Шарм — страница 47 из 111

Но я понимаю, что Хадсон прав. Мы не можем оставить ее здесь, на полпути к вершине. К тому же, если мы все-таки попытаемся это сделать, она просто последует за нами, и кто знает, какие беды это может принести.

– Хорошо. – Я вздыхаю. – Давай переоденься, пока я буду искать водоем. Я дам вам двоим время побыть наедине.

– Это звучит заманчиво, не так ли, Дымка?

В ответ Дымка весело верещит, и это верещание эхом отдается от стен пещеры, как я и опасалась.

– Переодевайся быстрее, – говорю я ему. – Или я уйду, оставив все грязные шмотки здесь.

Десять минут спустя я выползаю из пещеры, на сей раз с рюкзаком, полным грязной одежды, и четырьмя пустыми бутылками, которые я собираюсь наполнить.

Минутах в десяти от пещеры я нахожу речушку. Она узкая и бежит вертикально, а значит, быстро – как я и надеялась. Я где-то читала, что в быстрой воде бывает не так много бактерий, и я очень рассчитываю, что это правда.

Я быстро наполняю бутылки водой, затем пытаюсь выстирать нашу одежду, пусть и без мыла. К тому времени, когда я заканчиваю тереть ее о камень, она оказывается чистой, а мои руки становятся холодными как лед. Но это не мешает мне быстро искупаться. Должна признать, это приносит мне неизъяснимое удовольствие. Хотя вода и холодная, я очень рада тому, что наконец смогла смыть с себя грязь.

Вернувшись в пещеру, я раскладываю выстиранную одежду у огня и начинаю кипятить воду в пустых жестянках из-под батончиков с мюсли. Затем сажусь рядом с Хадсоном и Дымкой, которые играют в крестики-нолики на полу пещеры.

– Кто побеждает? – спрашиваю я, когда Дымка рисует огромный косой крестик в правом верхнем углу.

– Она, – хмуро отвечает Хадсон. – Какой у нас счет, девочка? Двенадцать – четыре?

Дымка щебечет что-то такое, чего я не понимаю. Я знаю, что Хадсон тоже ее не понимает, но он, не дождавшись, когда она закончит щебетать, говорит:

– Нет, я ошибся. Счет тринадцать – четыре.

Дымка успокаивается и сосредотачивается на игре.
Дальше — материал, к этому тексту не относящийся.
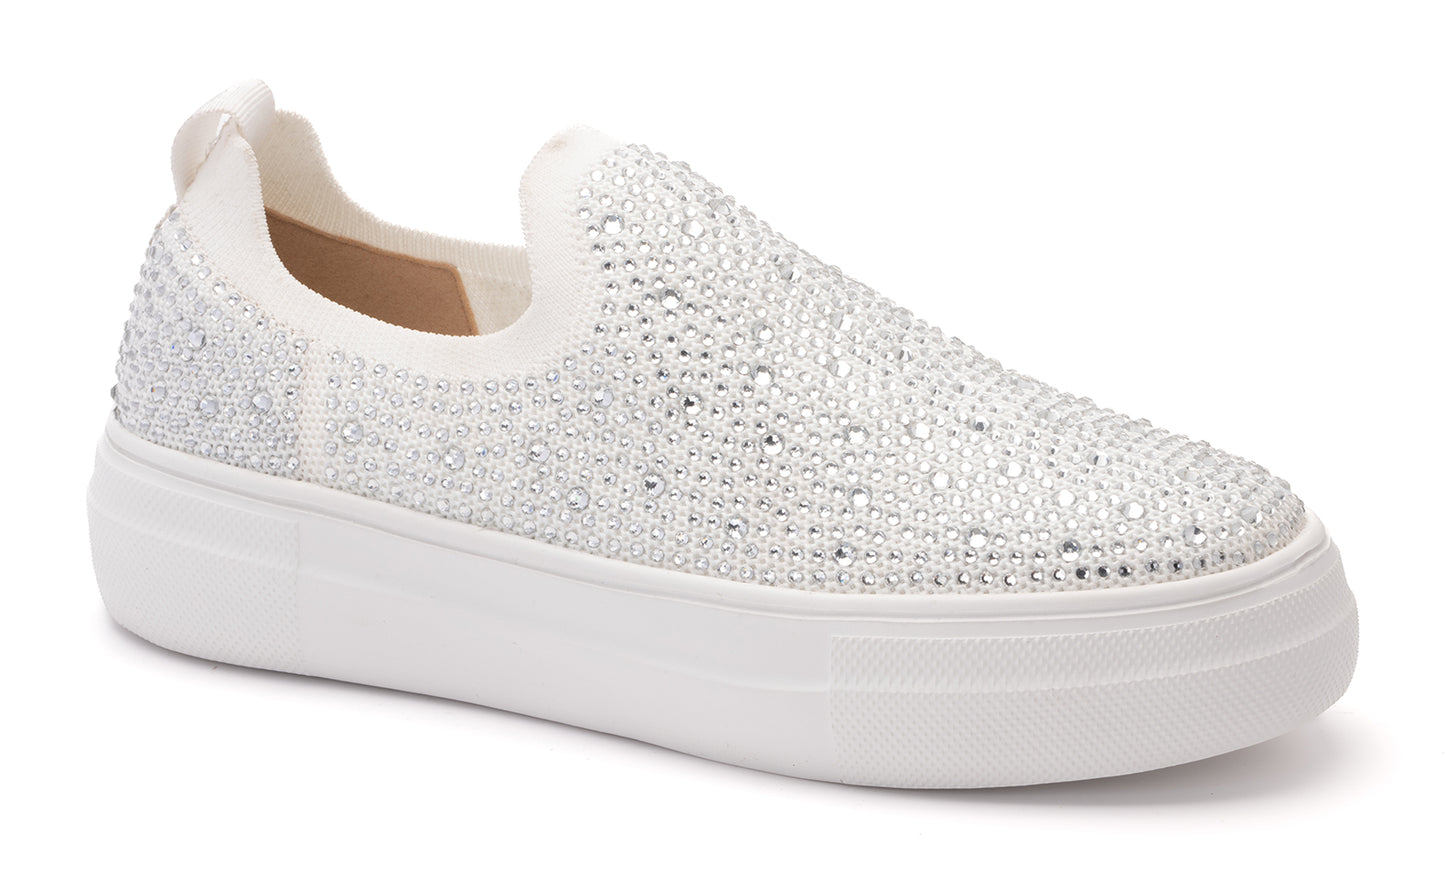 Corkys® "Swank" Crystal Slip On Tennis Shoes in White & Black
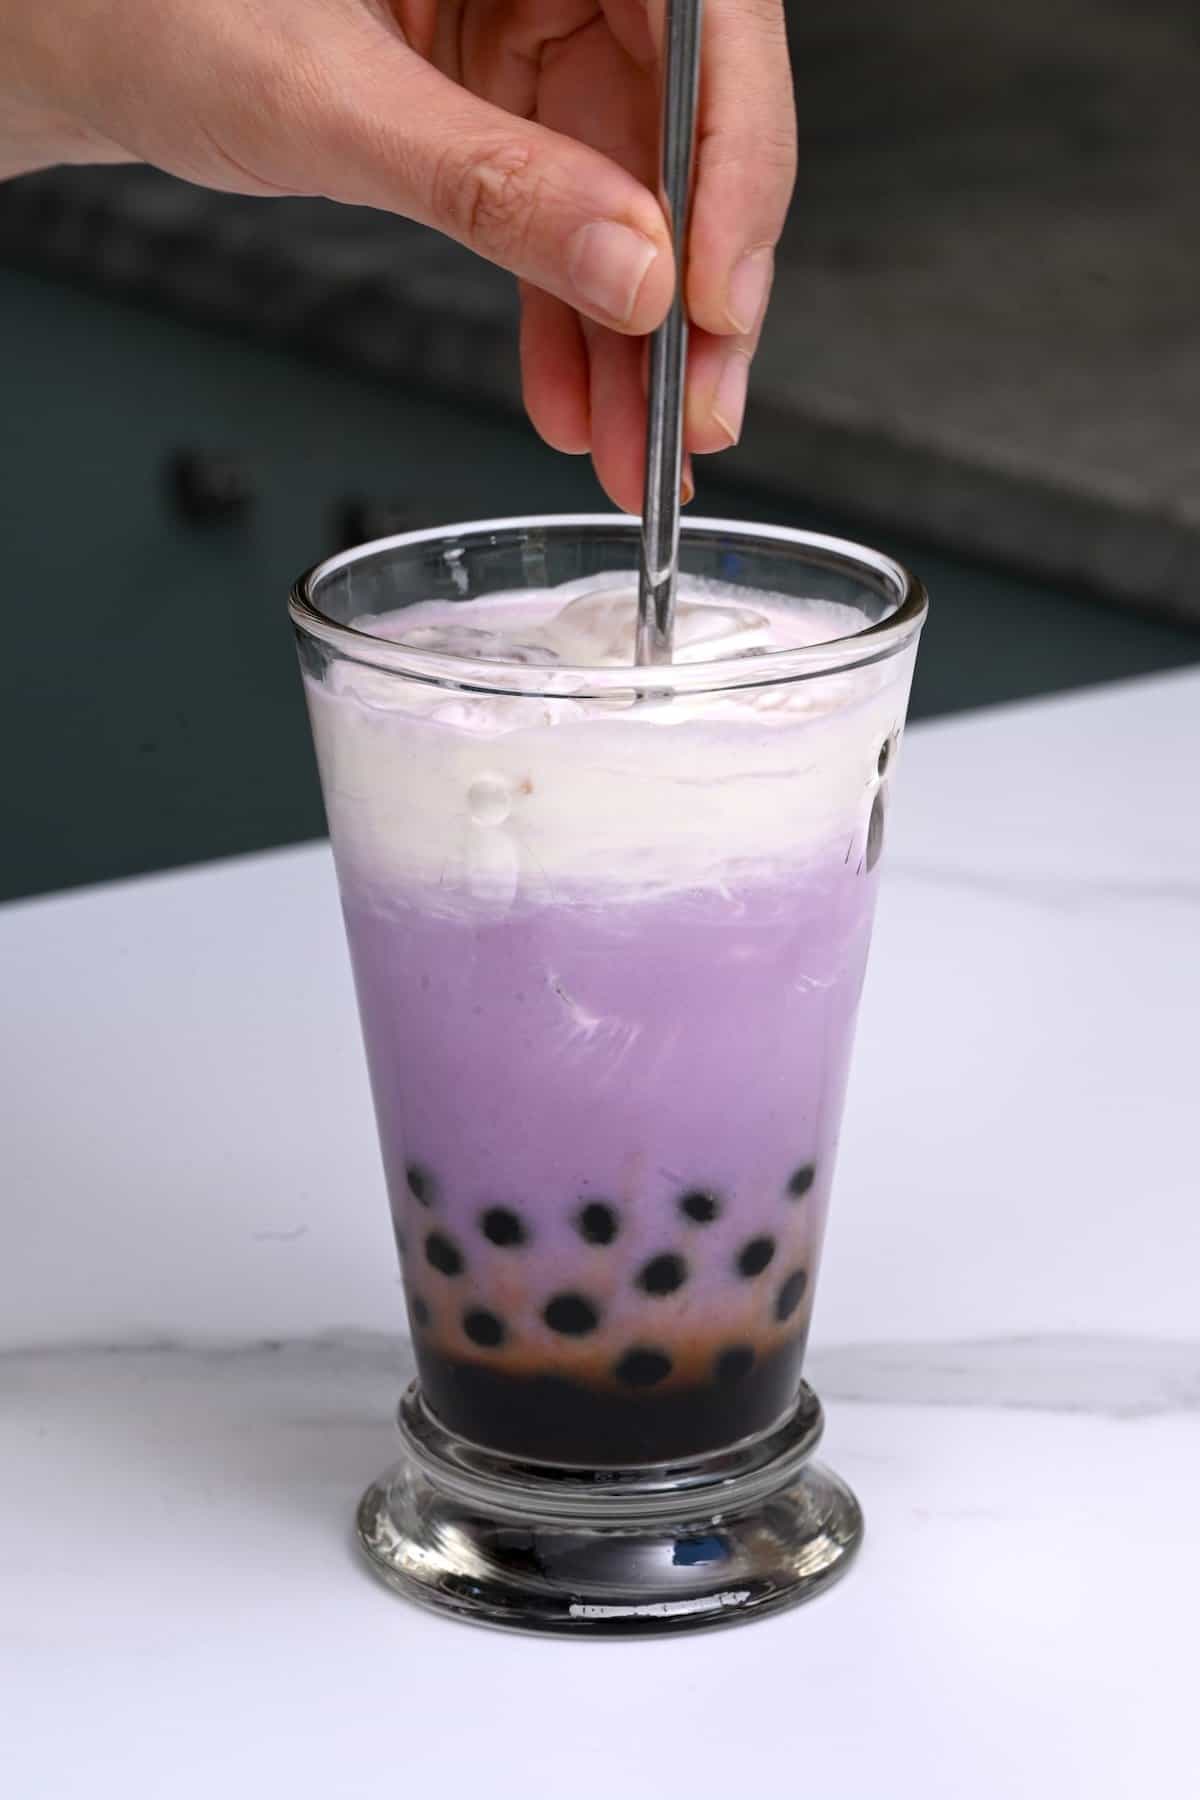 Taro Milk Bubble Tea with Real Taro or Powder

Примерно через полторы минуты счет доходит уже до четырнадцати – четырех.

Мы проводим этот день, играя с Дымкой между моими походами к речке, чтобы наполнить пустые бутылки из-под воды.

Здесь я могу наслаждаться солнечным светом, а на противоположном берегу речушки нахожу ягодные кусты с фиолетовыми плодами, по вкусу похожими на нечто среднее между абрикосами и клубникой. Я ела такие, пока мы гостили на ферме. К тому же это какое-никакое разнообразие после батончиков с мюсли, так что это можно считать победой.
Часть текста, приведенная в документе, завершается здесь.